Supplied data Block Start

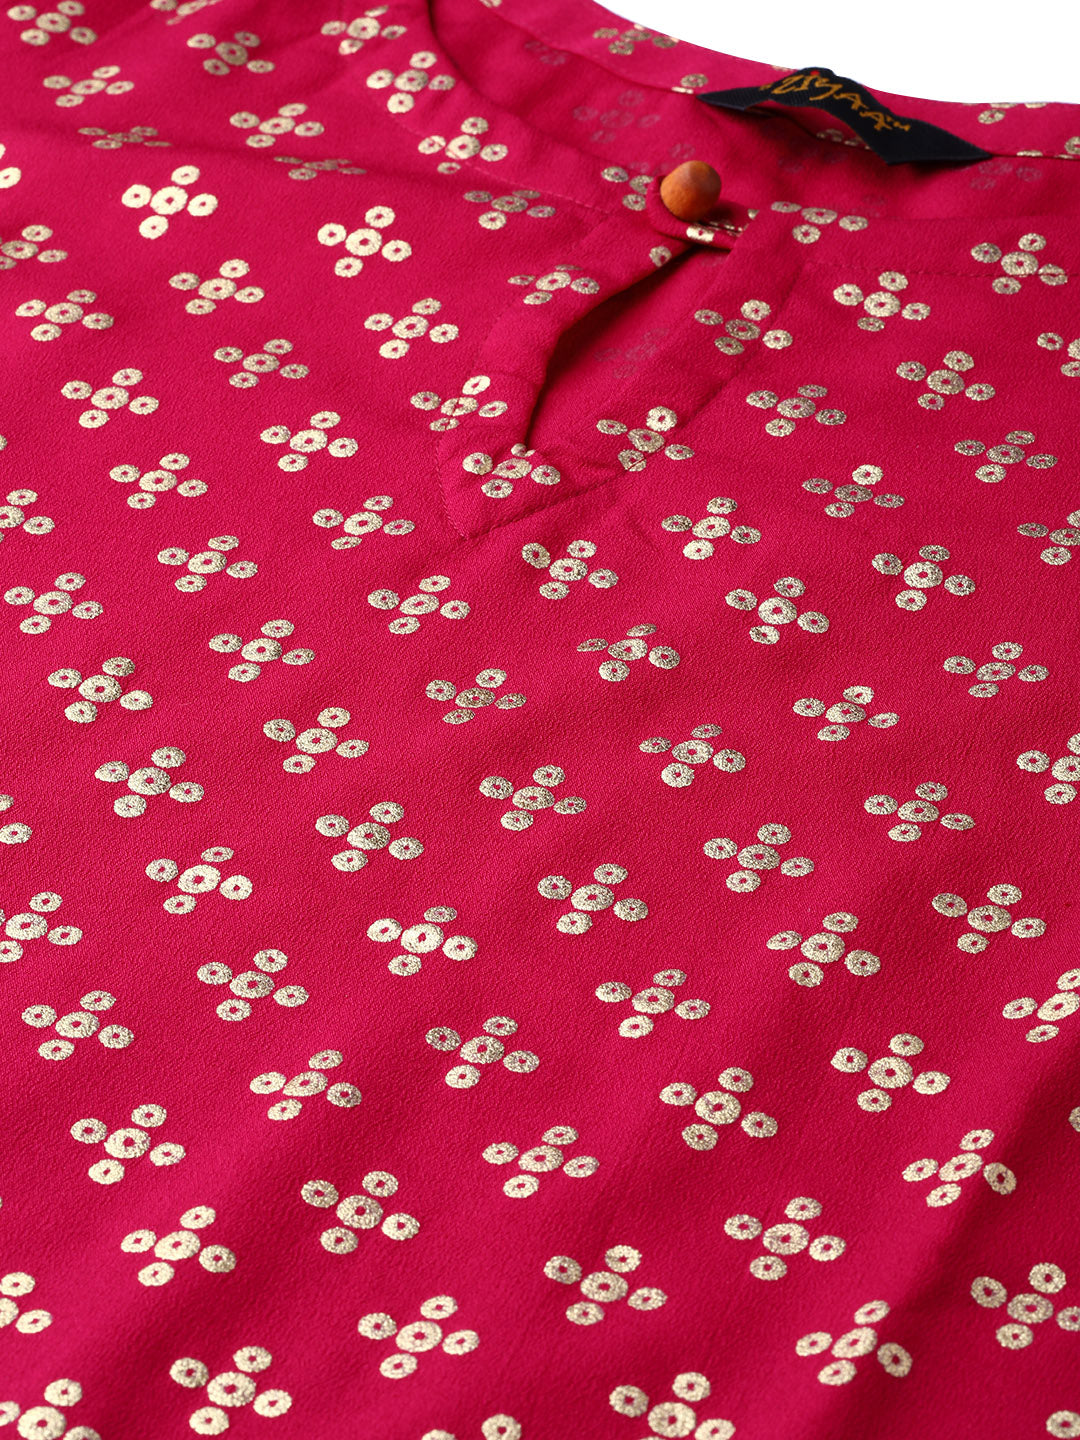 Women’s pink crepe printed kurta and pallazo set by Ziyaa.- (2pcs set)
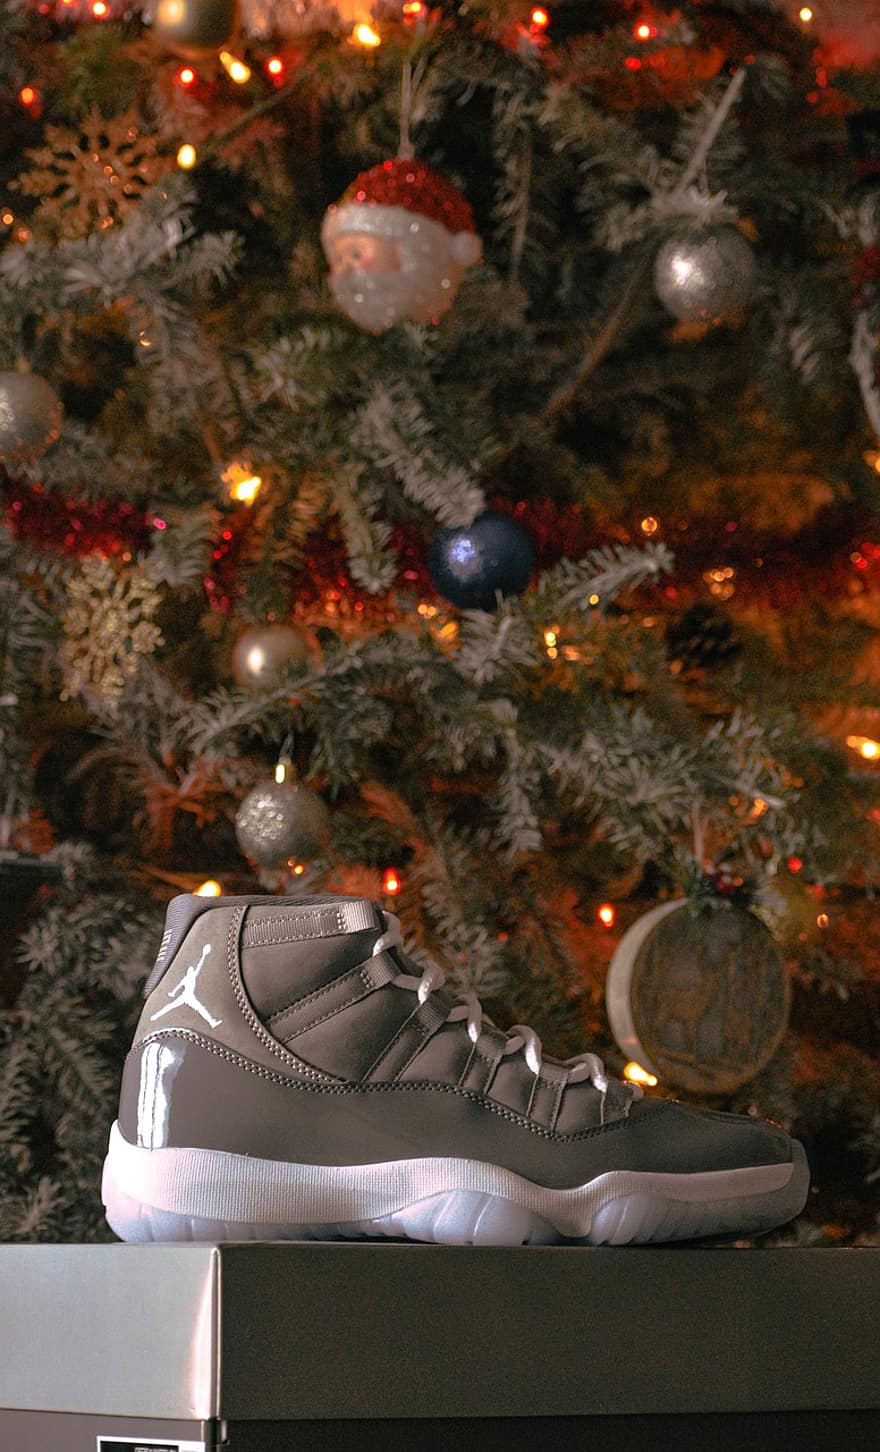 παπούτσια, Χριστούγεννα, μόδα, ταπετσαρία, κλείδωμα οθόνης, jordans
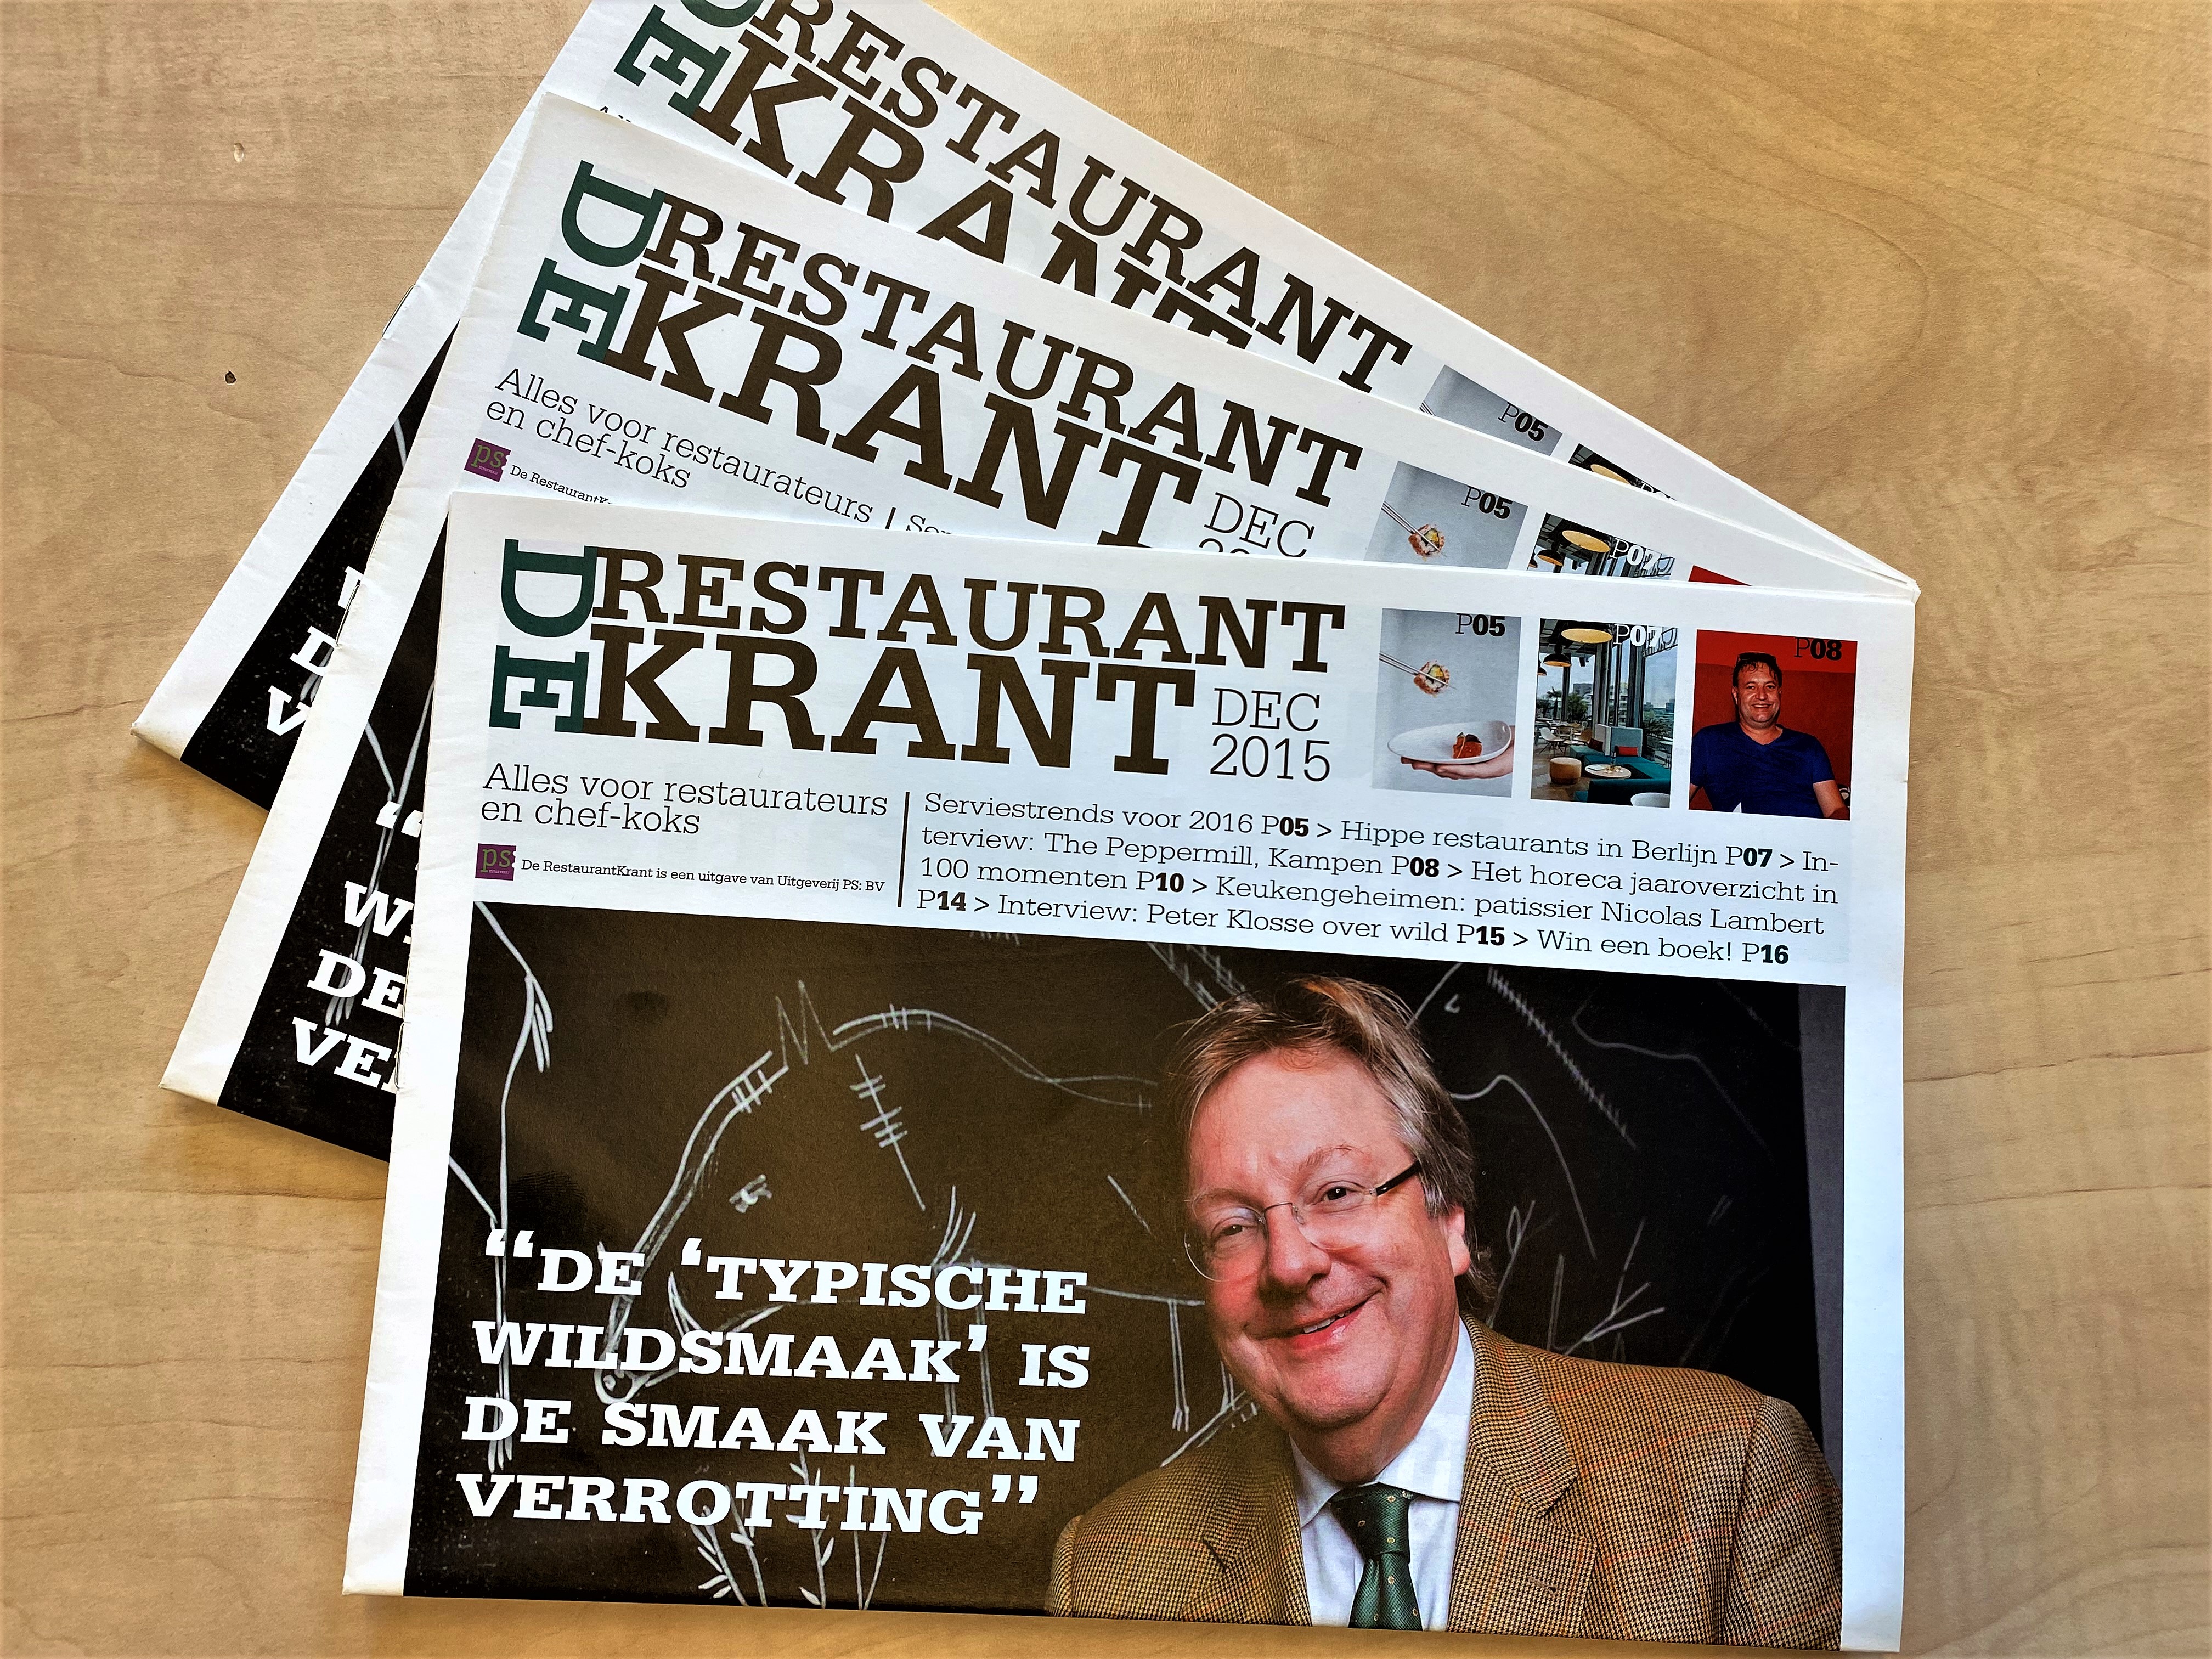 15 jaar De RestaurantKrant (2015): Peter Klosse over wildfabelen

Supplied data Block End

### Directions:
Restate every line of the listing exactly. Pictures are not part of the copy.

### Task solution:
 Women’s pink crepe printed kurta and pallazo set by Ziyaa.- (2pcs set)
 παπούτσια, Χριστούγεννα, μόδα, ταπετσαρία, κλείδωμα οθόνης, jordans
 15 jaar De RestaurantKrant (2015): Peter Klosse over wildfabelen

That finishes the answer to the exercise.